The old guys question the mindset that you have to get, say, ten signatures a day for samples. There's that pressure when your boss comes back to you and reminds you that you only had 38 signatures last week. It drives the old guys crazy. They say, "Look, I'm a sales guy. My job is to drive sales. I'm not a sample guy."

There was a great story at Lilly. We didn't even have samples in the oncology division, but Lilly started pushing us to make more sales calls. We had to make five a day, which doesn't seem like anything.

But in oncology you've got to share data all the time, so you wait around for hours if you need to see somebody. So probably the most seasoned rep in the Lilly oncology division picks his boss up in the morning at 8:30 for a ride-along. He goes to a big office to start his day and has good discussions with five doctors. Then he drives the boss back to his hotel.
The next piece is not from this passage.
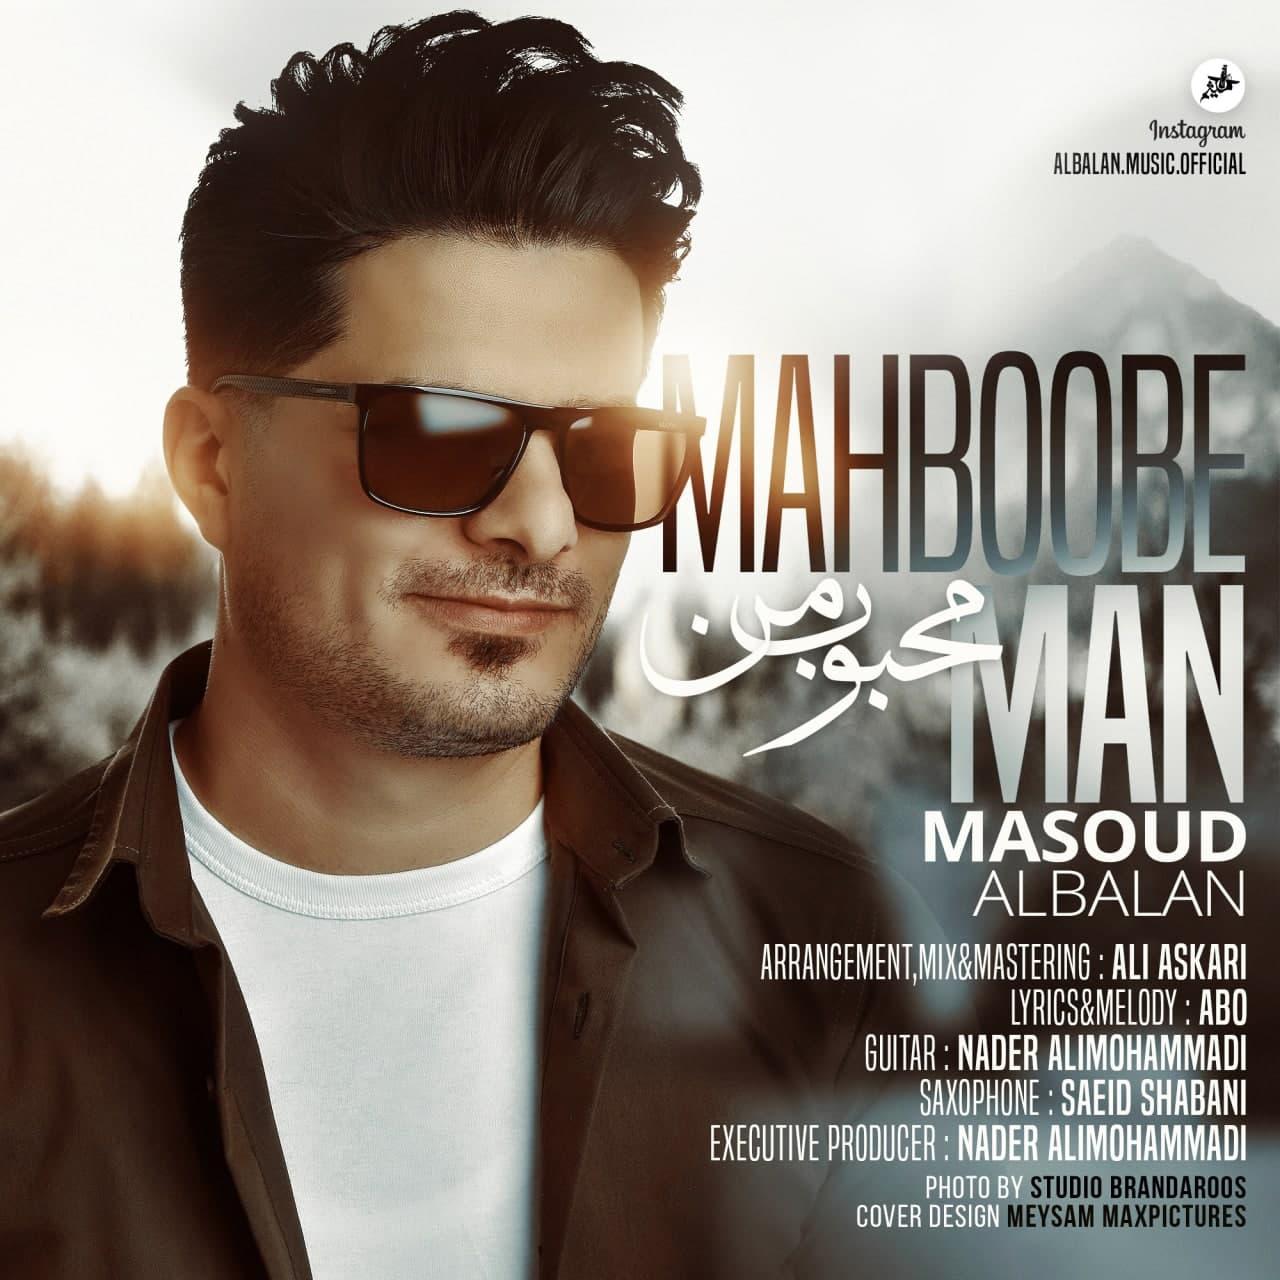 Masoud Albalan – Mahboobe Man

And the boss says, "What are we doing? " The rep says, "Oh, I'm done. All you care about is that I see five doctors. I just saw my five doctors." He wasn't being a smart-aleck. He was saying, "You won't fire me for this. I want to dramatically demonstrate what's going on at this company."

So the boss calls headquarters and says, "We've got a problem. What am I going to tell the guy? He's right. That's all we're asking for."

What did the company do?

Let's say they shifted focus. They said, "Listen, that five is a goal. We would like you to strive for that, but by all means don't avoid your biggest customer just because it always takes three hours and you have to get your five calls a day." So it was actually an awesome wake-up call. The reps of the country rejoiced.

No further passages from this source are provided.